BRIEF - Reproduce the listing exactly. Omit pictures.

SUPPLIED INFORMATION -
• • • • • • •
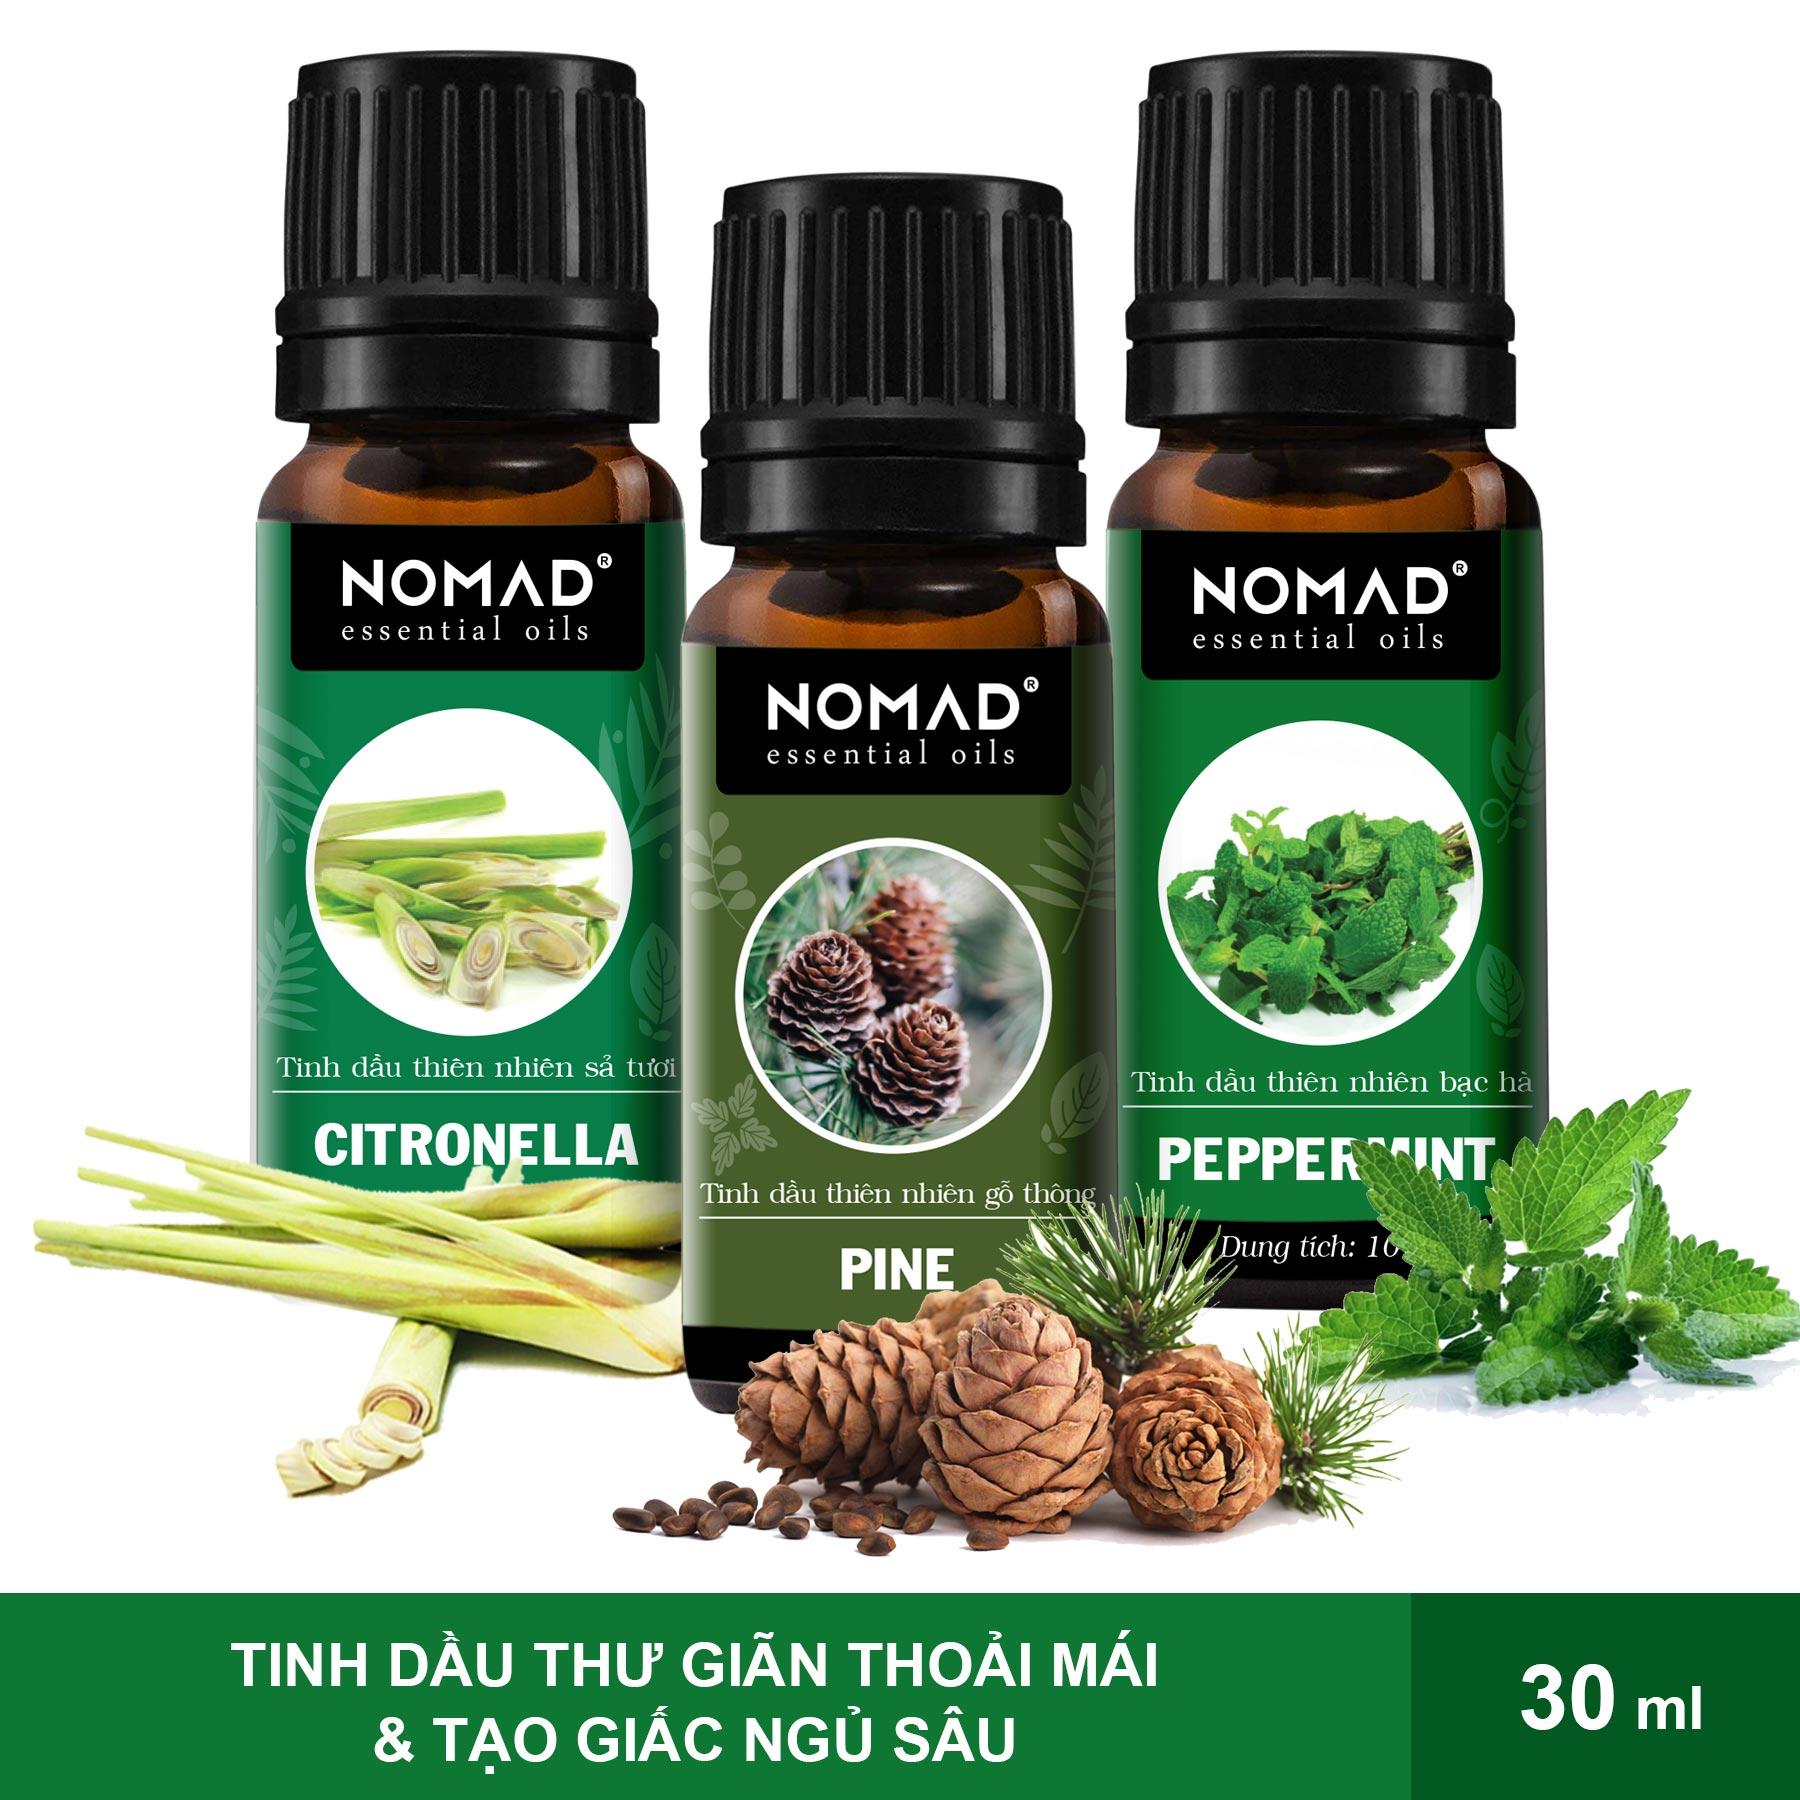 combo-3-tinh-dau-nomad-giup-thu-gian-thoai-mai-tao-giac-ngu-sau-sa-tuoi-go-thong-bac-ha-30ml
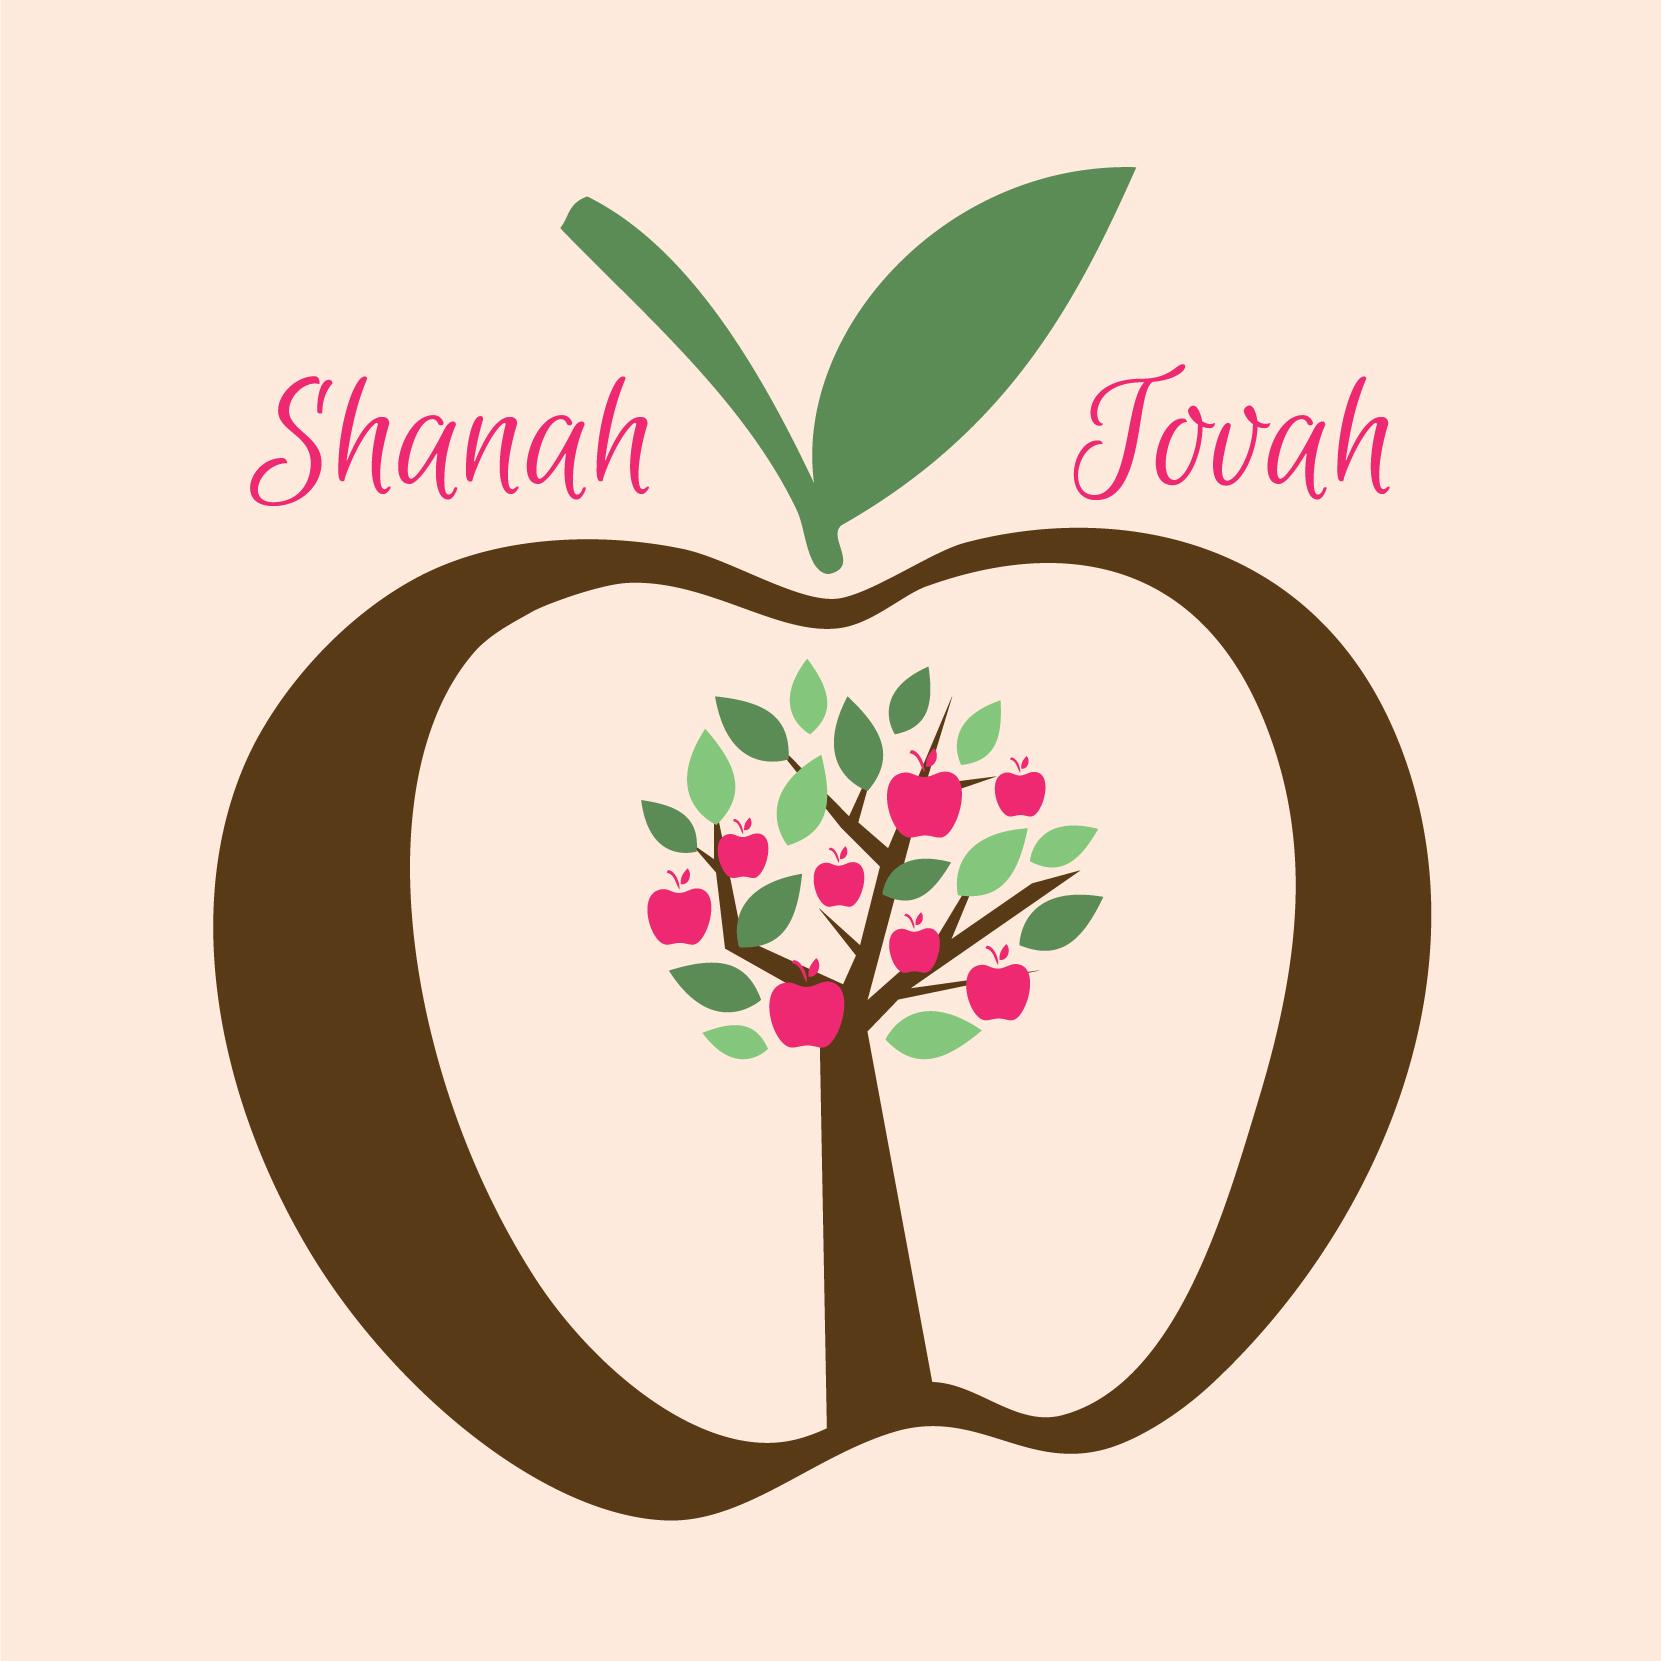 Rosh Hashanah greeting card by Ananya
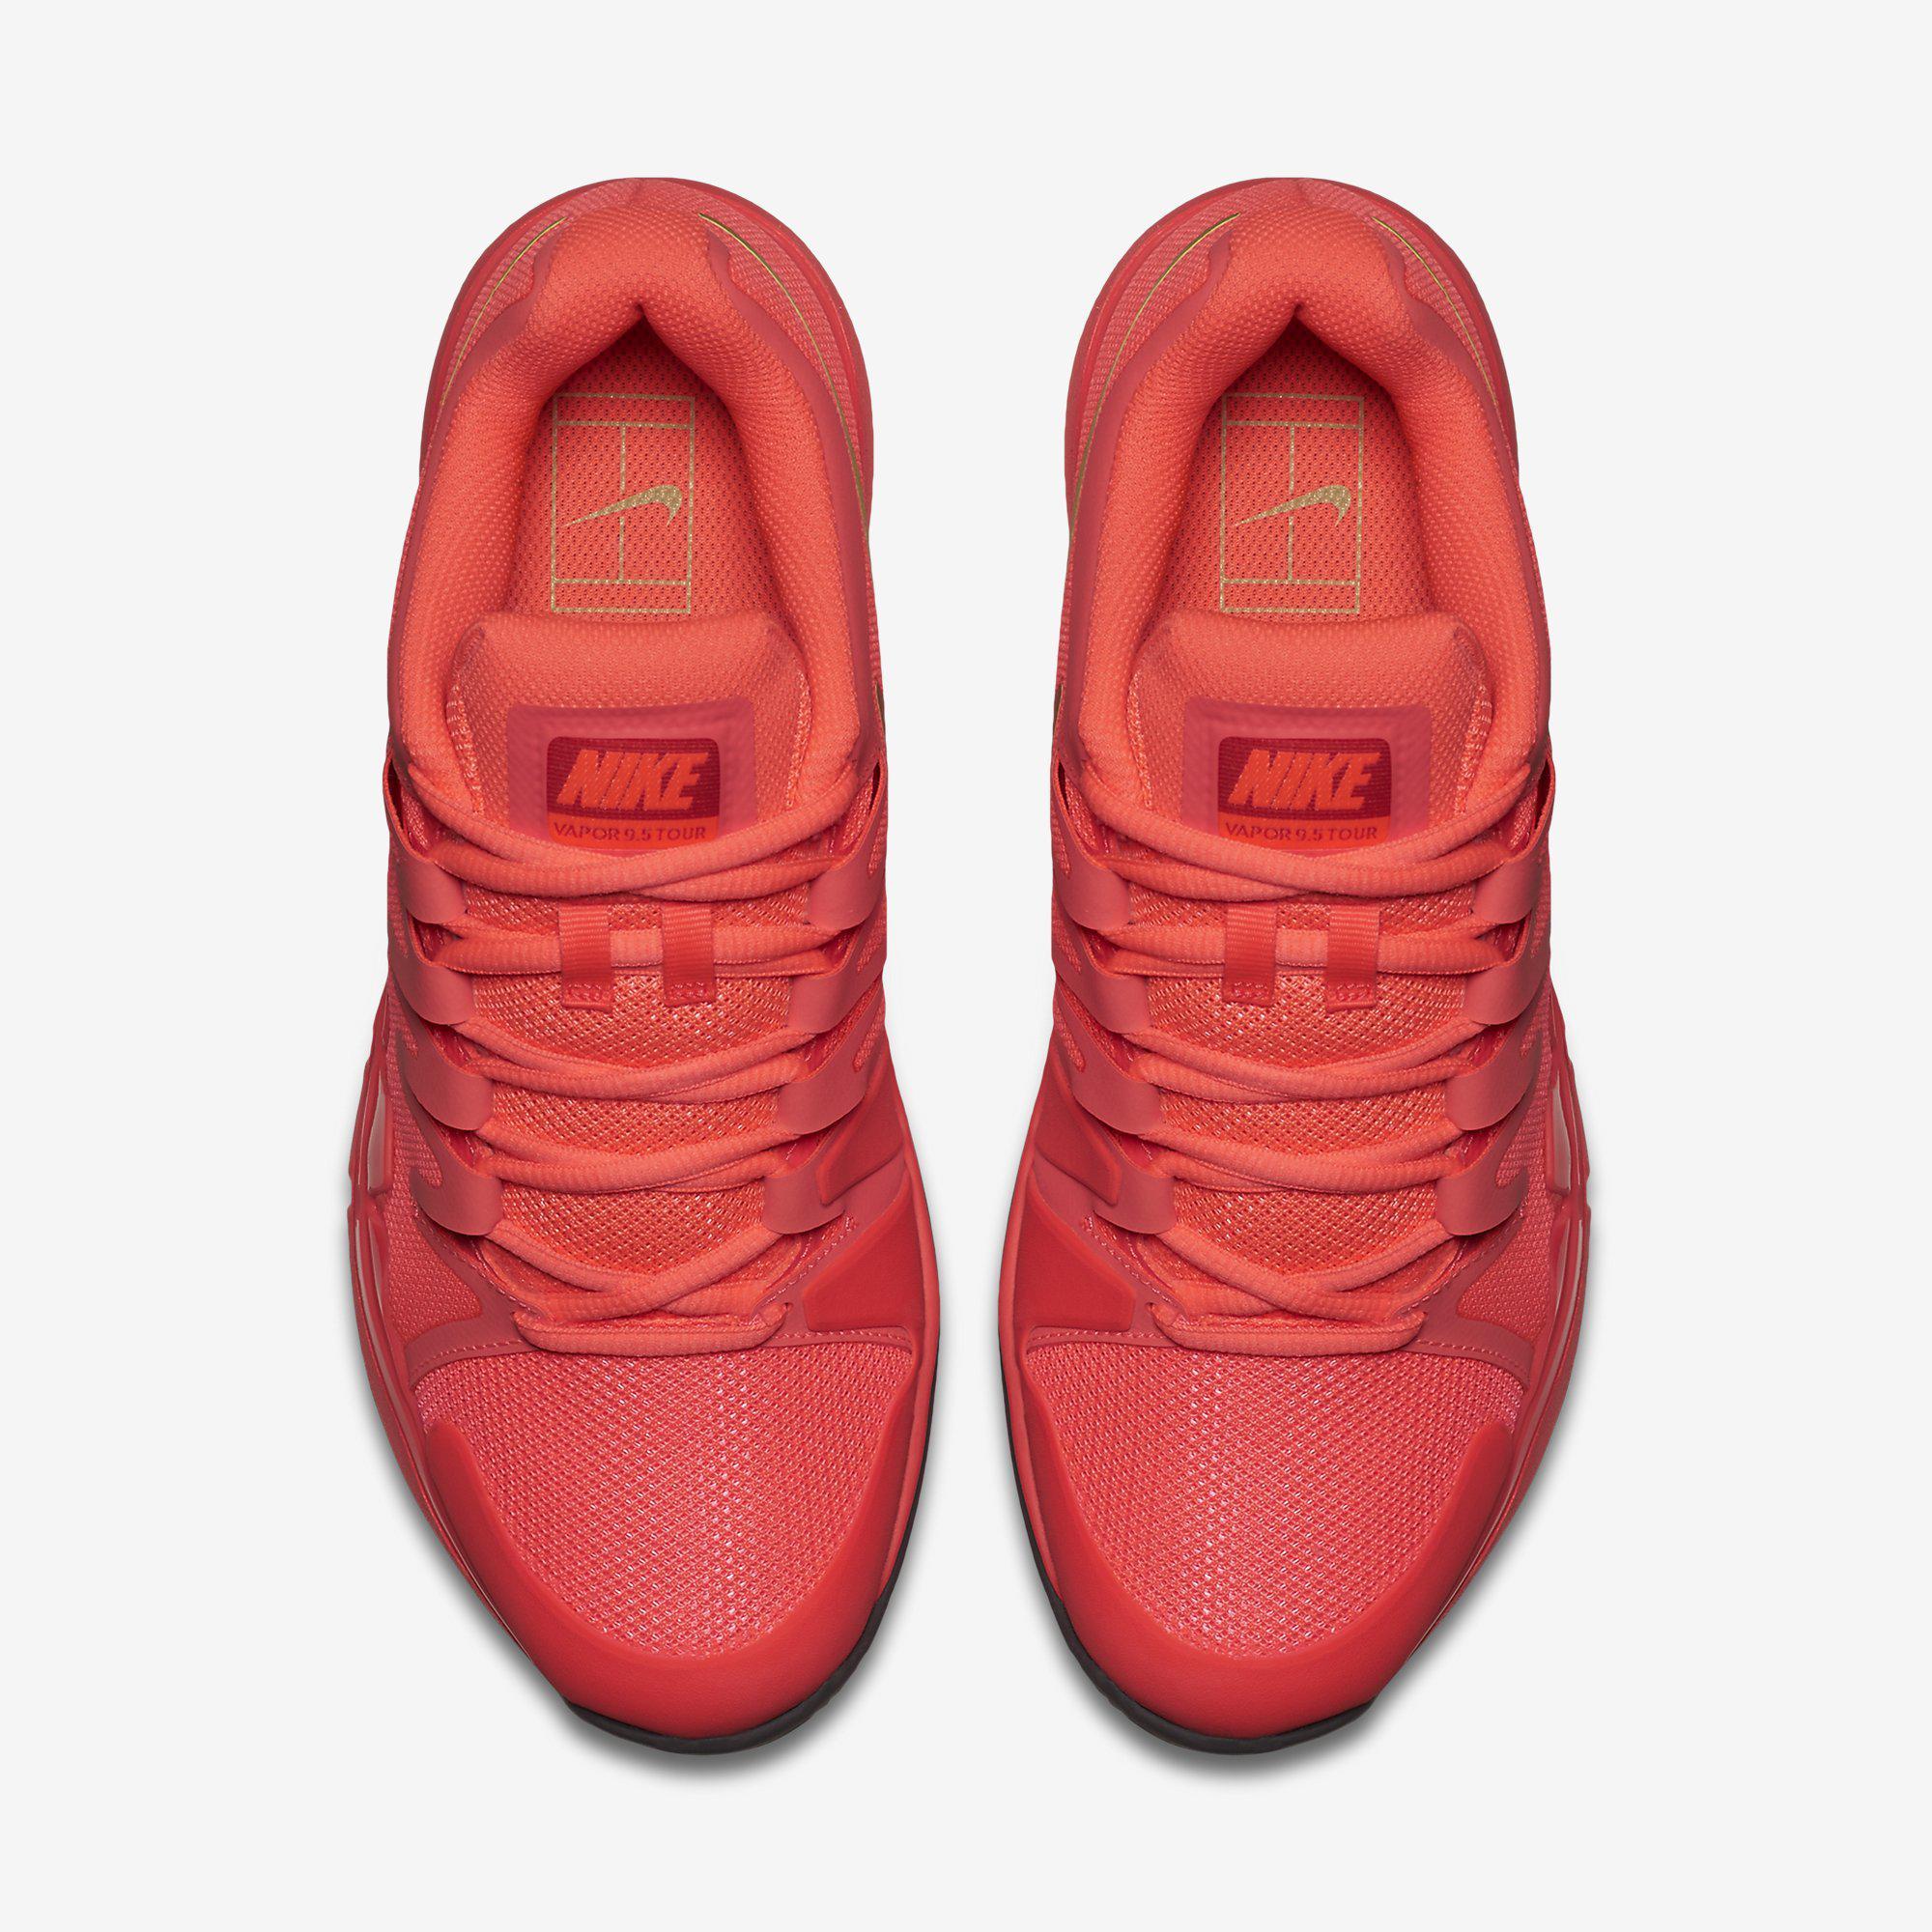 4e06636446dc1 Nike Womens Zoom Vapor 9.5 Tennis Shoes - Hot Lava Metallic Gold Star
• • • • • • •
WRITTEN ANSWER -
 combo-3-tinh-dau-nomad-giup-thu-gian-thoai-mai-tao-giac-ngu-sau-sa-tuoi-go-thong-bac-ha-30ml
 Rosh Hashanah greeting card by Ananya
 4e06636446dc1 Nike Womens Zoom Vapor 9.5 Tennis Shoes - Hot Lava Metallic Gold Star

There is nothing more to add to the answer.